Task inputs Block Start

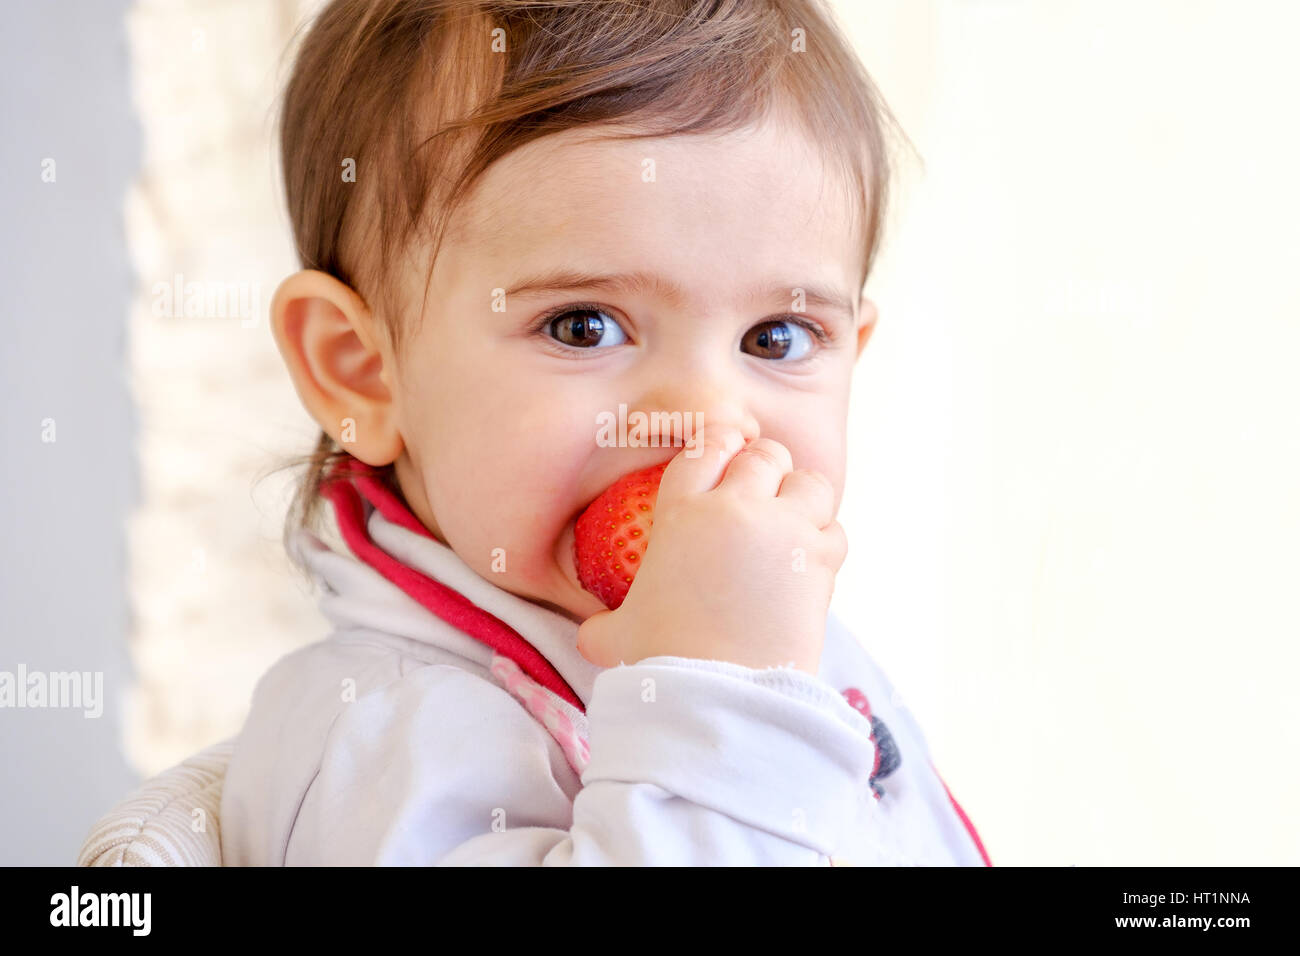 Morsure de bébé nouveau-né de fraises Fruits manger Banque D'Images
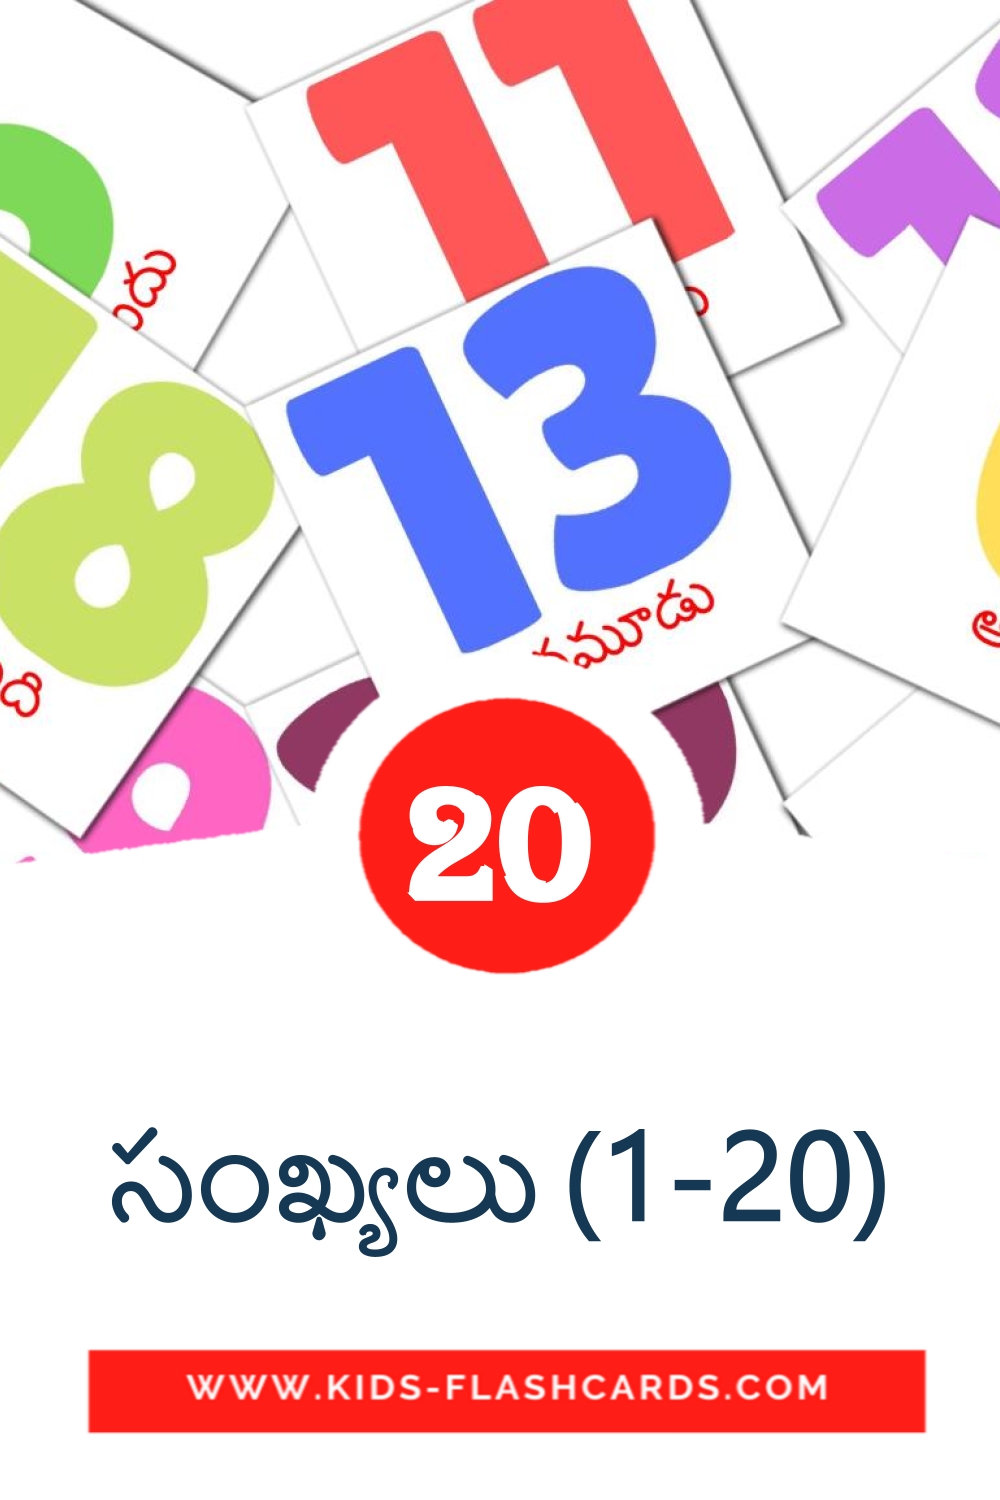 20 tarjetas didacticas de సంఖ్యలు (1-20) para el jardín de infancia en telugu
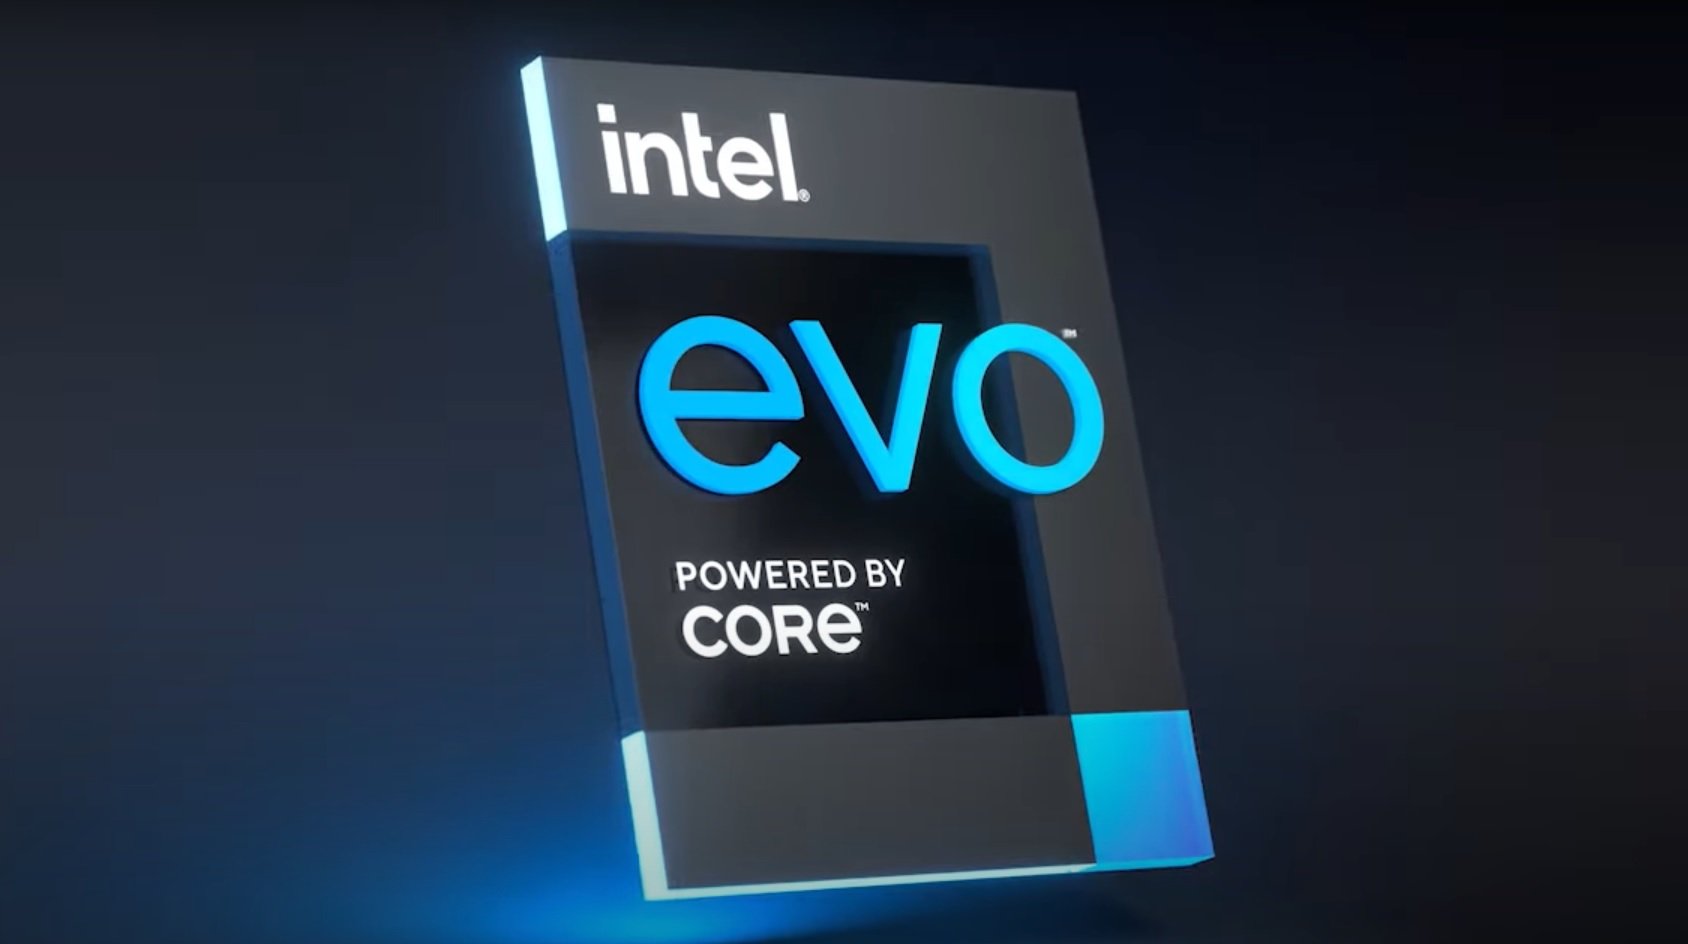 Intel zeigt Vorzüge seiner neuen Intel Evo-Plattform im Video
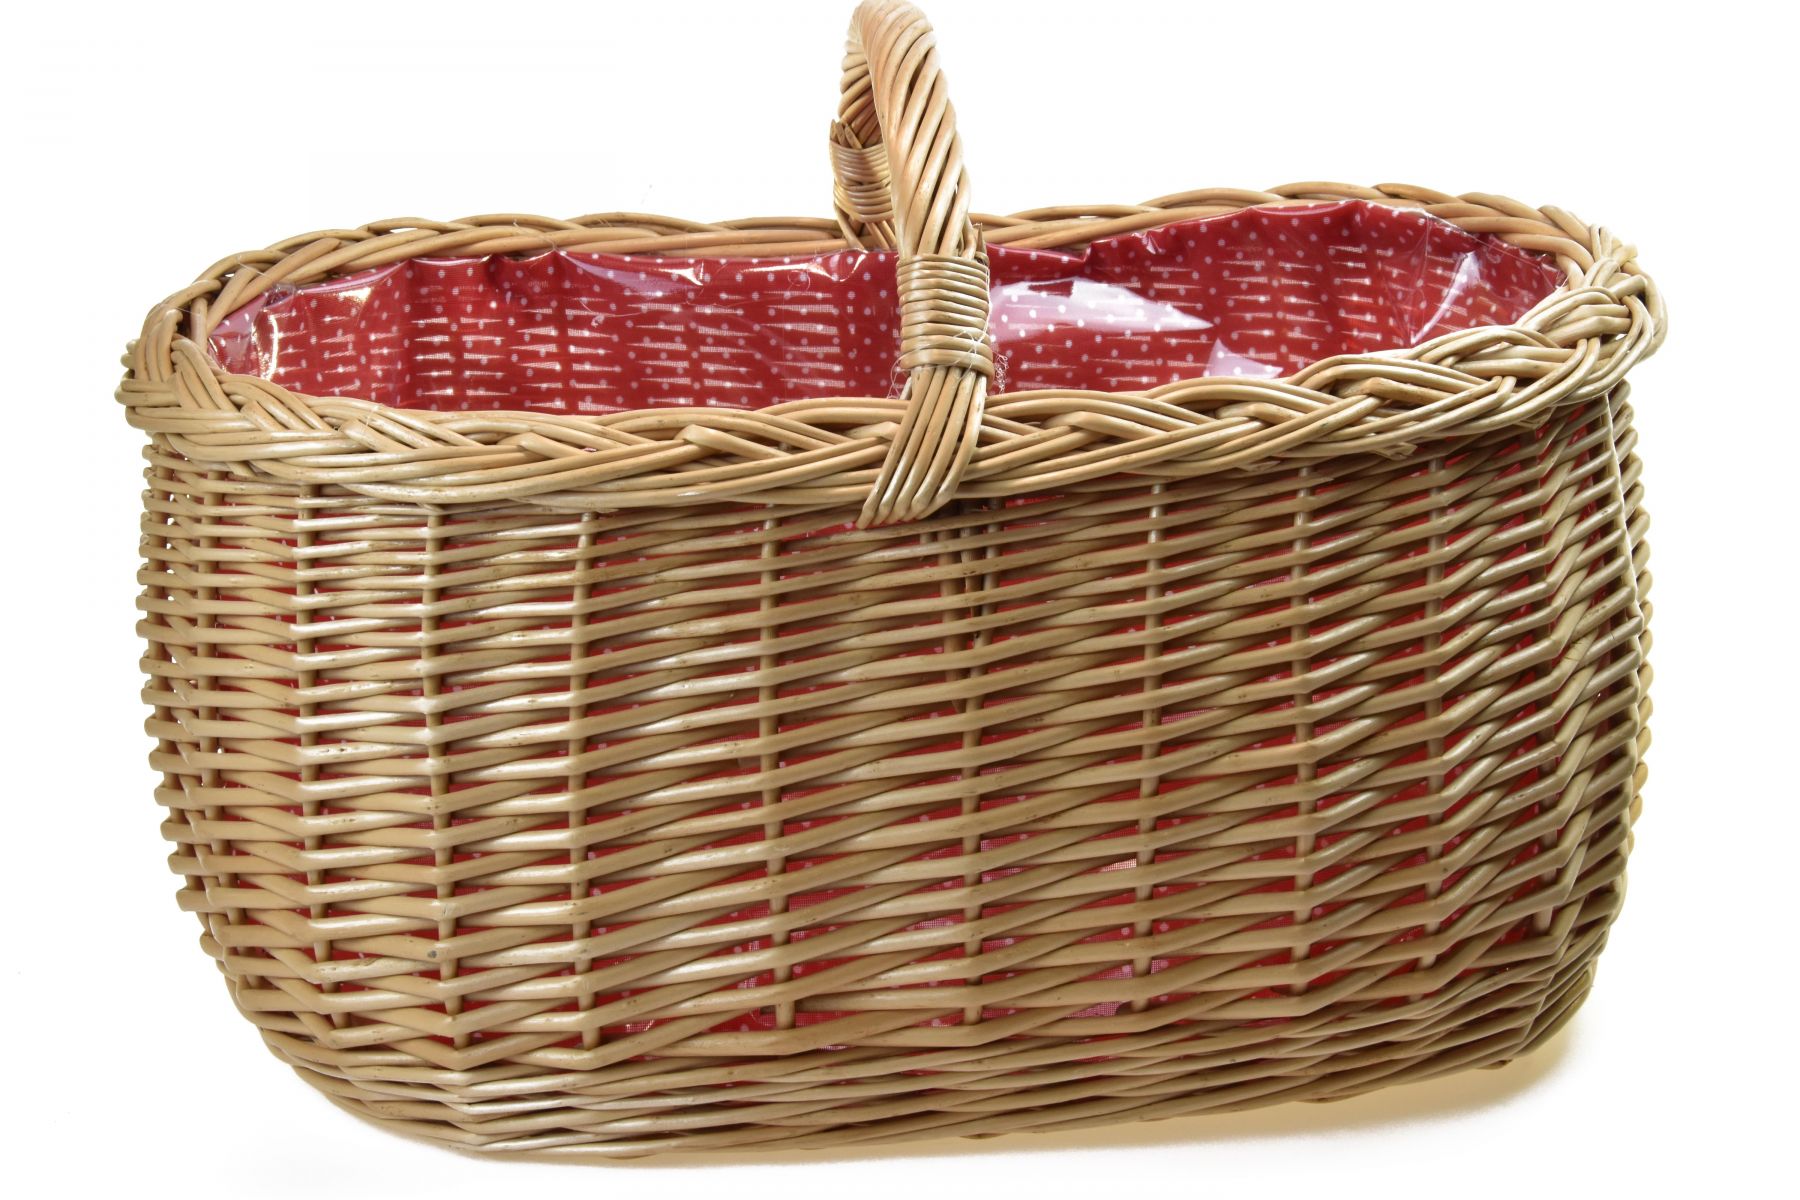 Vingo Proutěný nákupní košík s igelitovou vložkou a červenou látkou - Vingo
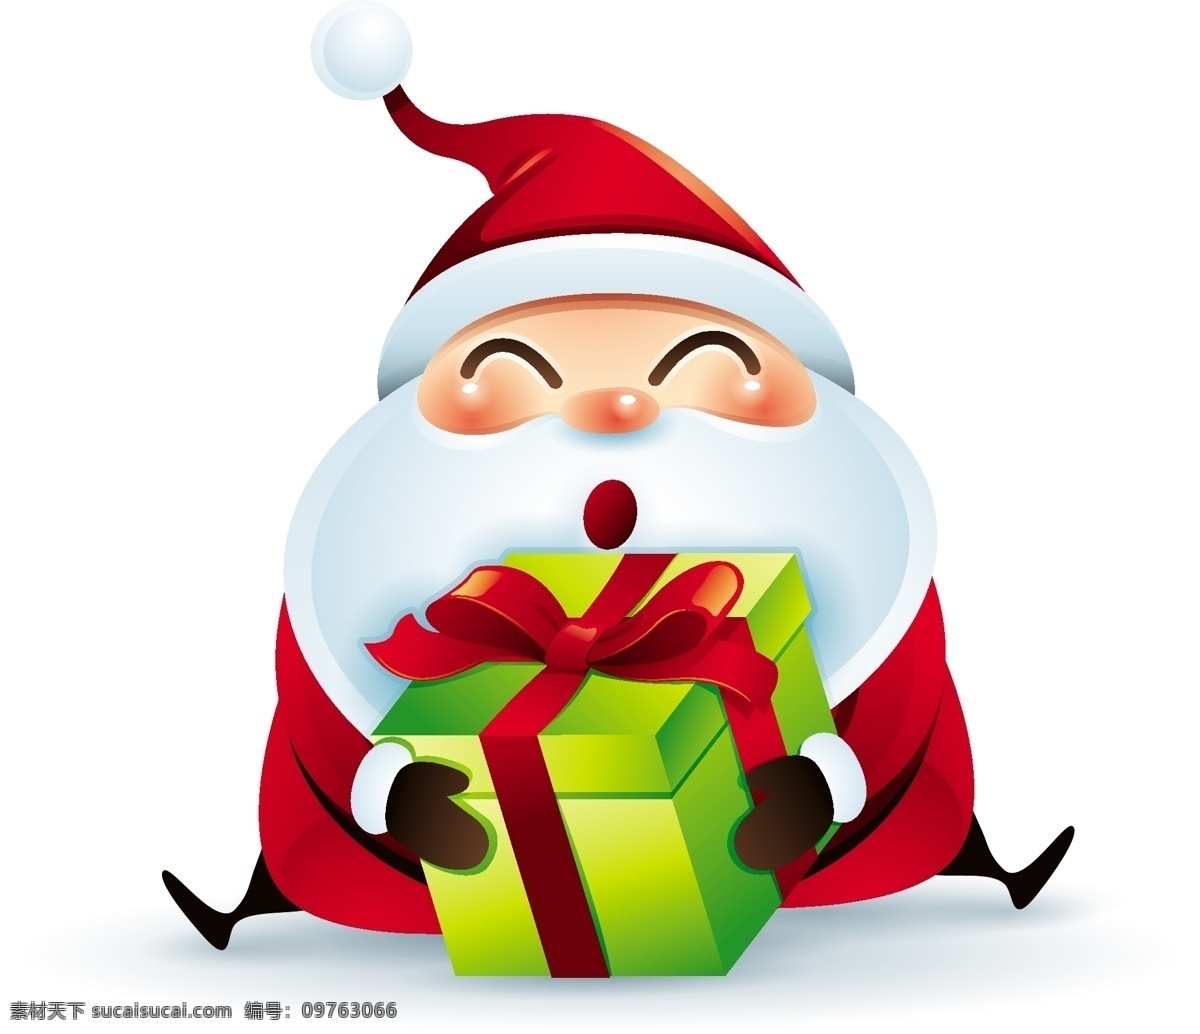 礼物 圣诞节 老人 矢量 礼物盒 蝴蝶结 红色 白胡子 卡通 人物 形象 节日 装饰

Task inputs Block End

§ Task details
Could every entry above be printed again exactly, images excluded?

§ Solution to this problem
 Morsure de bébé nouveau-né de fraises Fruits manger Banque D'Images
 20 tarjetas didacticas de సంఖ్యలు (1-20) para el jardín de infancia en telugu
 Intel zeigt Vorzüge seiner neuen Intel Evo-Plattform im Video
 Vingo Proutěný nákupní košík s igelitovou vložkou a červenou látkou - Vingo
 礼物 圣诞节 老人 矢量 礼物盒 蝴蝶结 红色 白胡子 卡通 人物 形象 节日 装饰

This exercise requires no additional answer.